Thursday, October 19, 2006

Sharing books

I've always enjoyed reading. It's doubly enjoyable when I can share a book with someone else. And it's trebly enjoyable if that person enjoys the story so much they want to pass it on.

Yesterday, one of my coworkers brought back Outlander by Diana Gabaldon. She had stopped by to drop off the book and request the next in the series (yes!). In the process of dropping the book off, her descriptions where enthusiastic enough that her manager requested the loan of the book (yes again!!).

<Big Happy Grin>

Anyway, if you haven't read the series, do yourself a favor and pickup the first in the series. I promise, you won't be disappointed. (Unfortunately, I don't leand my books to strangers - I want them to find their way home.)

P.S. I've only read Outlander, Dragonfly in Amber, and Voyager.
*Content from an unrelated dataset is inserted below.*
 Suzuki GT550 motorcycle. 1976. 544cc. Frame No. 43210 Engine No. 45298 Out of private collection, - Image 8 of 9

I see there are three more to get!

Wednesday, October 11, 2006

Subversion + Subclipse + Eclipse weirdness

I'm not sure if this is a lack of understanding on my part, or if this is some funky issue with the Subclipse plug-in, or something intrinsic with Subversion. I'm not totally sure of the basic actions to take to replicate it, but...

If I update my Subversion repository outside of Eclipse, when I do a "Synchronize with Repository," I get a whole series of directories that need to be updated. "Fine," I usually figure, "I'll just update and be done with it." It makes sense because I've committed a transaction or two elsewhere, so it'll just bring my workspace up-to-date with the latest revision, right?

Nope!

It doesn't go away. Not with the update, not with the replace with latest from repository. The only "fix" I've found is to delete the project and re-add it.
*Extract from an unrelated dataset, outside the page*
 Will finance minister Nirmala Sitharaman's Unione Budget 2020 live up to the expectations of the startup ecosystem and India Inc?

Not a total show stopper, but it is extremely annoying.

What am I missing? I'm running the 1.1.7 version of Subclipse, which is a development branch. So, that could be it, but I'd think more people than myself would whine about it...

Writin' a compiler...

I've been working on a compiler for a few weeks now - 2 hours or so in the evening, sometimes a whole 4 hours when I stretch myself to midnight. Still have to get up around 6 or 6:30, so that's pushing it...

Anyway, the language is a basic-ish language to use in my embedded and small (read: ancient) computer projects. What I've implemented to date actually works and is using an assembler I had written before with a few touch-ups. I have the basic control statements (for-next, while-do, repeat-until, goto, gosub, return, addition/subtraction, comparison operators, logical operators, along with embedded assembly and minor peephole optimizations).

I haven't added the distinction of various datatypes. I originally planned for byte, short, integer, long, possibly real, and strings. Working standard sizes, that long becomes an 8 byte datatype which is a bit large for an embedded language -- think of 8 bit microcontrollers that may only operate on one byte at a time. Is there a 'standard' data typing for 1, 2, 3, and 4 byte numbers? I'm thinking byte (1), short (2), short integer (3), integer (4). But, I'm afraid that "short integer" is too confusing - since "short" is really a "short integer". Thoughts?

I can just skip it too - but in a constrained memory footprint I may want a 3 byte number with a range to 16 million.